I didn't want my own words to be the only source for this claim, so above is a
cut'n'paste from the rulebook.

But still, LabSlice (and I believe one or two others) aren't near these
figures and did get some sort of nomination.

------
stevepotter
I'm not bitter. I never expected to win. I am surprised Amazon even puts on a
contest with such lavish prizes.

AWS is a low cost way to start an app. They make bootstrapping possible.
Therefore, I feel they are doing themselves a disservice by not representing
these companies.

I merely wanted suggest a way to include small-timers like myself in this
contest. And I did it by being honest about how I felt at the time. Would
anyone have preferred otherwise?

BTW, since then I've been in touch with a great guy from AWS who thought my
points were valid. Very cool and unnecessary of him. Maybe next year we'll see
a "frugal" category. And maybe by then I'll have received funding and not be
eligible :)

Anyway thanks everyone who weighed in. I urge all of you to check us out at
www.takeoffvideo.com. You can reach me directly at stephenp@.

------
gojomo
The world does not owe you a 'best effort' ribbon.

------
DanielBMarkham
Related startup story.

I just spent two days in a long email conversation with Amazon.

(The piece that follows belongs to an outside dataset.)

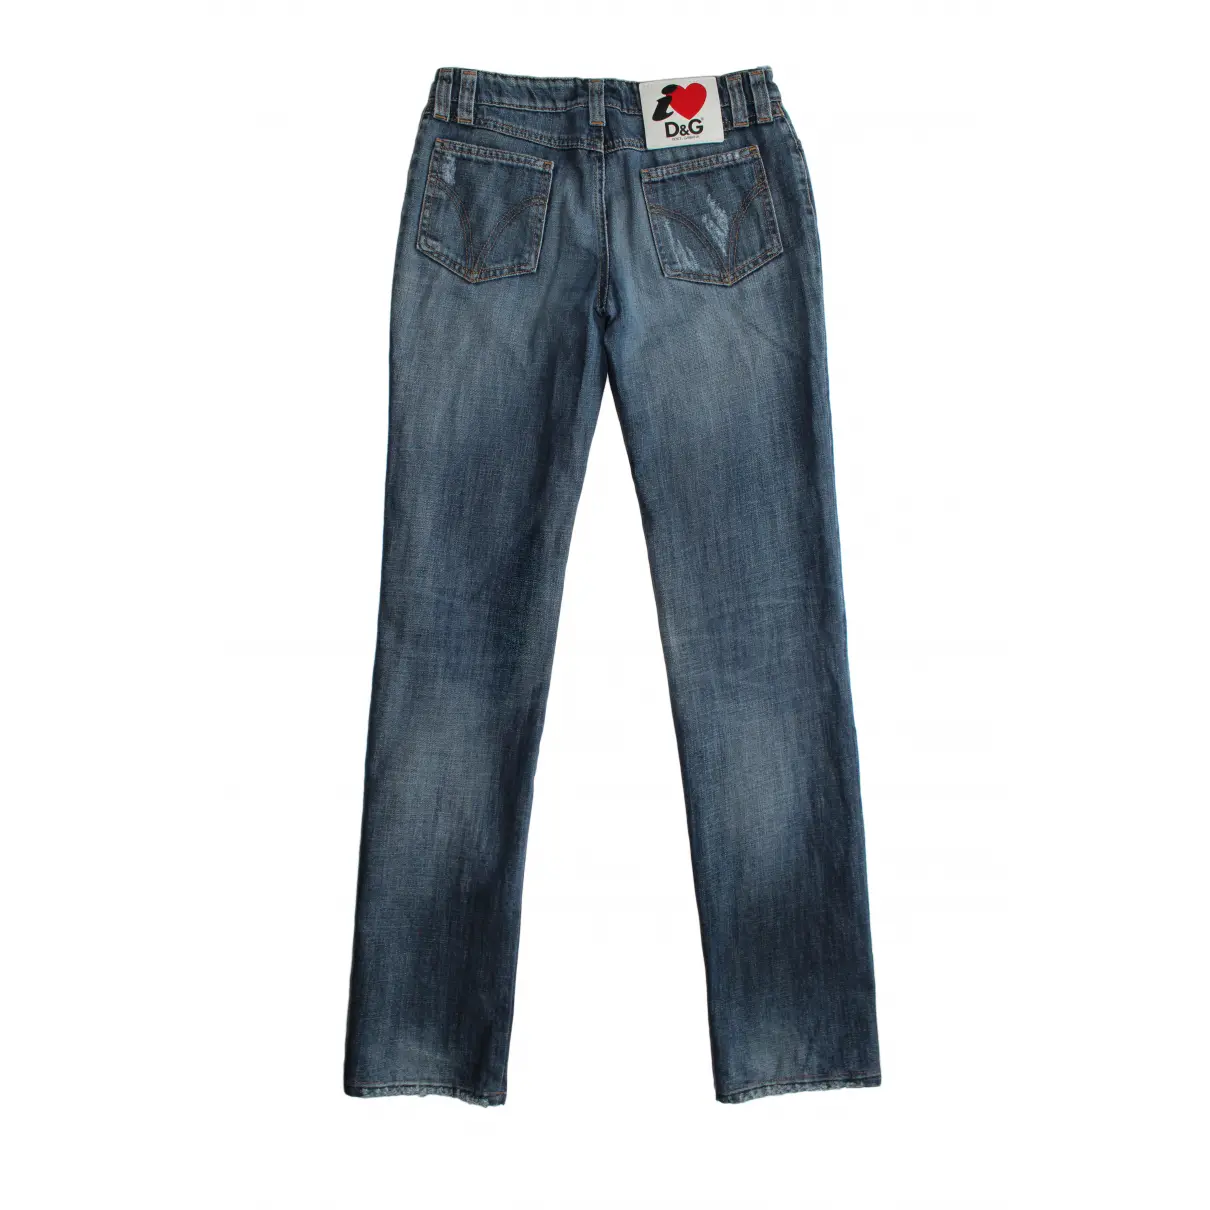 Buy D&G Bootcut jeans online
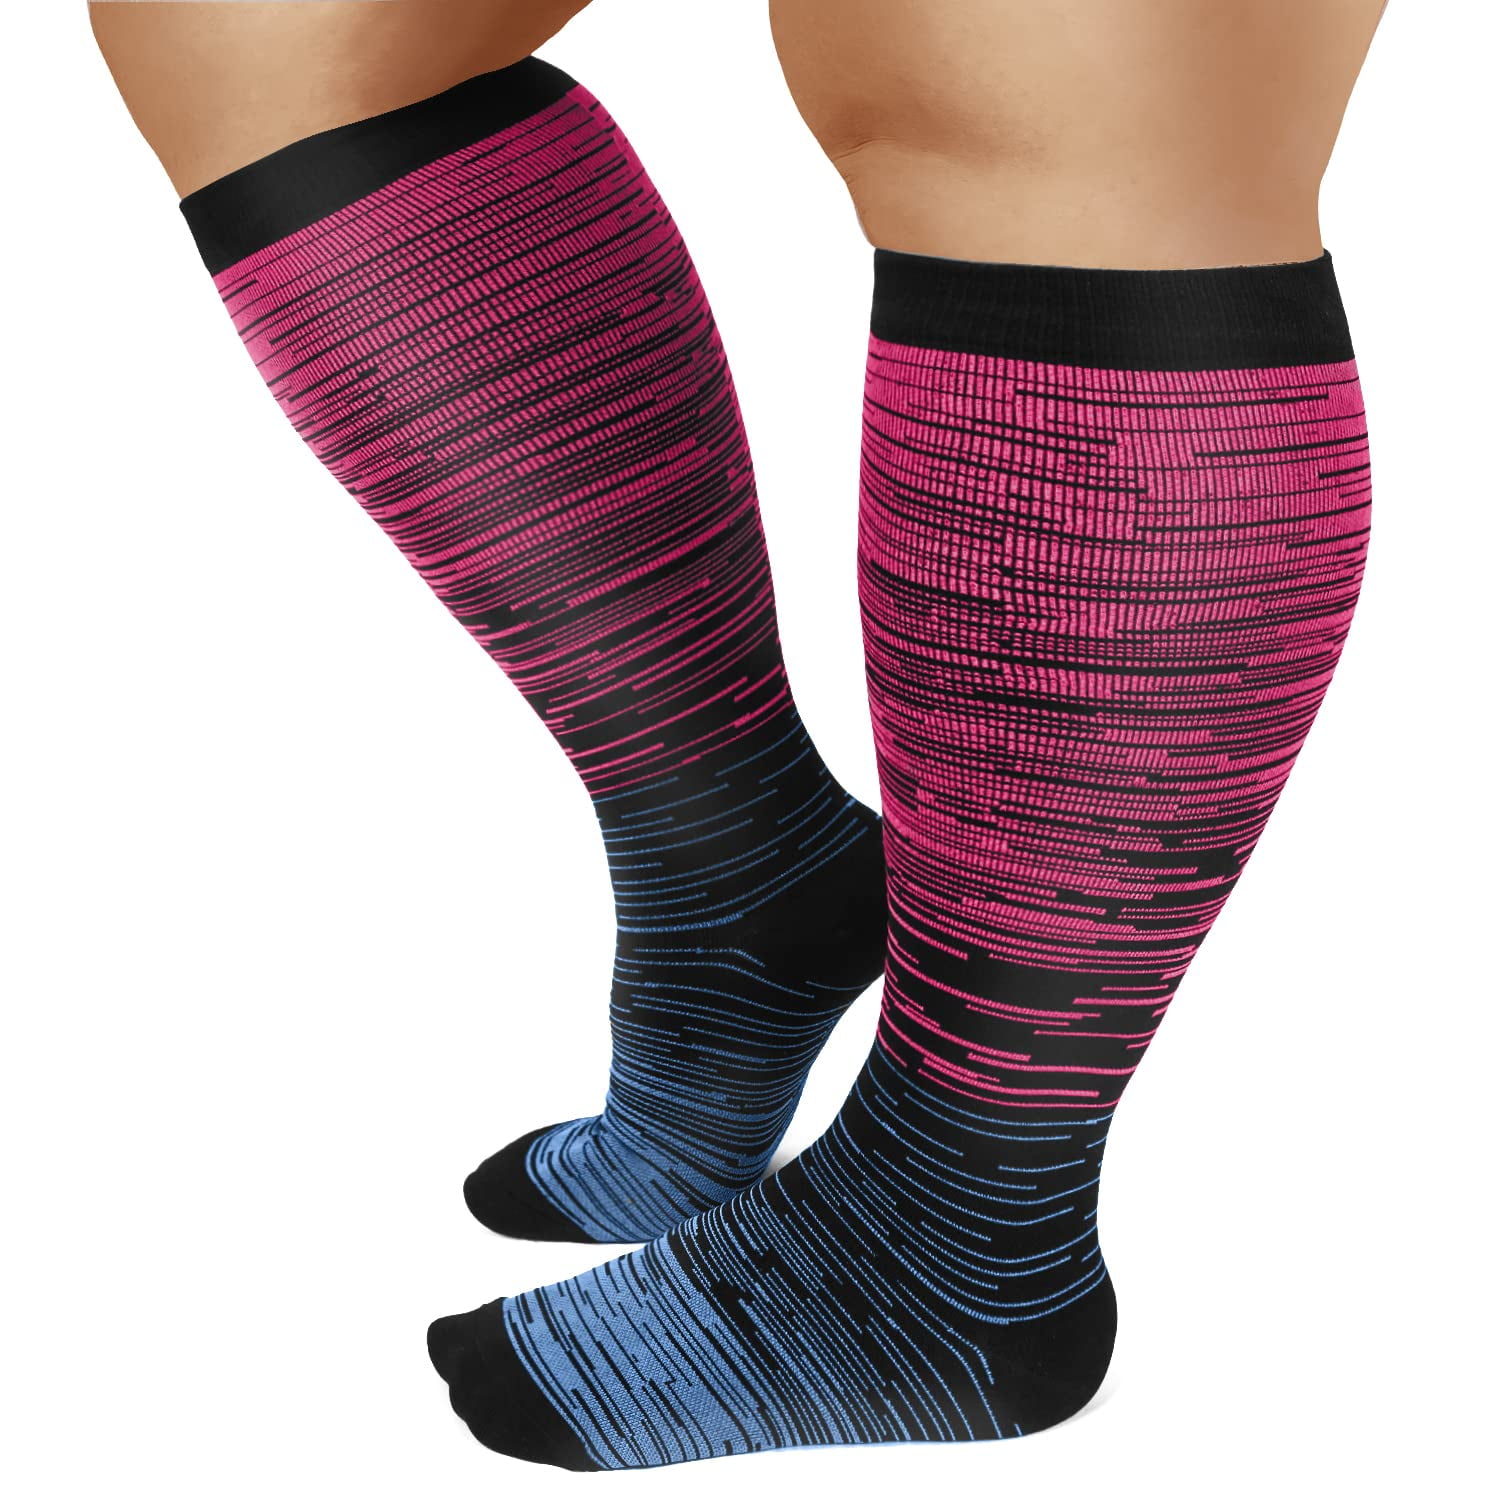 Zeta Socks XXXL Wide Plus Size Calf Compression, Soothing Comfy

I signed up for AWS 4 days before they started their freebie special, so once
I realized this, I begged and pleaded with them to help my startup by
grandfathering me in and letting me take advantage of the promotion.

All I got was form letters and BS.

I could have used another Amazon account, but I'm not going to cheat. I love
the AWS stack, but as far as I'm concerned the folks at Amazon may be keen on
PR, but they're no friends of startups, neither bootstrapped or otherwise, no
matter how many contests they run. I also feel like the AWS guys are a
completely different bunch than the rest of Amazon, who seem to care about
their customers a lot more. And while I love the stack, I'm not impressed with
the customer service at all. 99% of retailers will grandfather customers into
a promotion if they ordered within a few days of the promotion starting.

Assholes.

There. That bit of venting made me feel better. :)

Hope it had the same effect on the OP.

The point being that sometimes venting and sour grapes serve a useful purpose.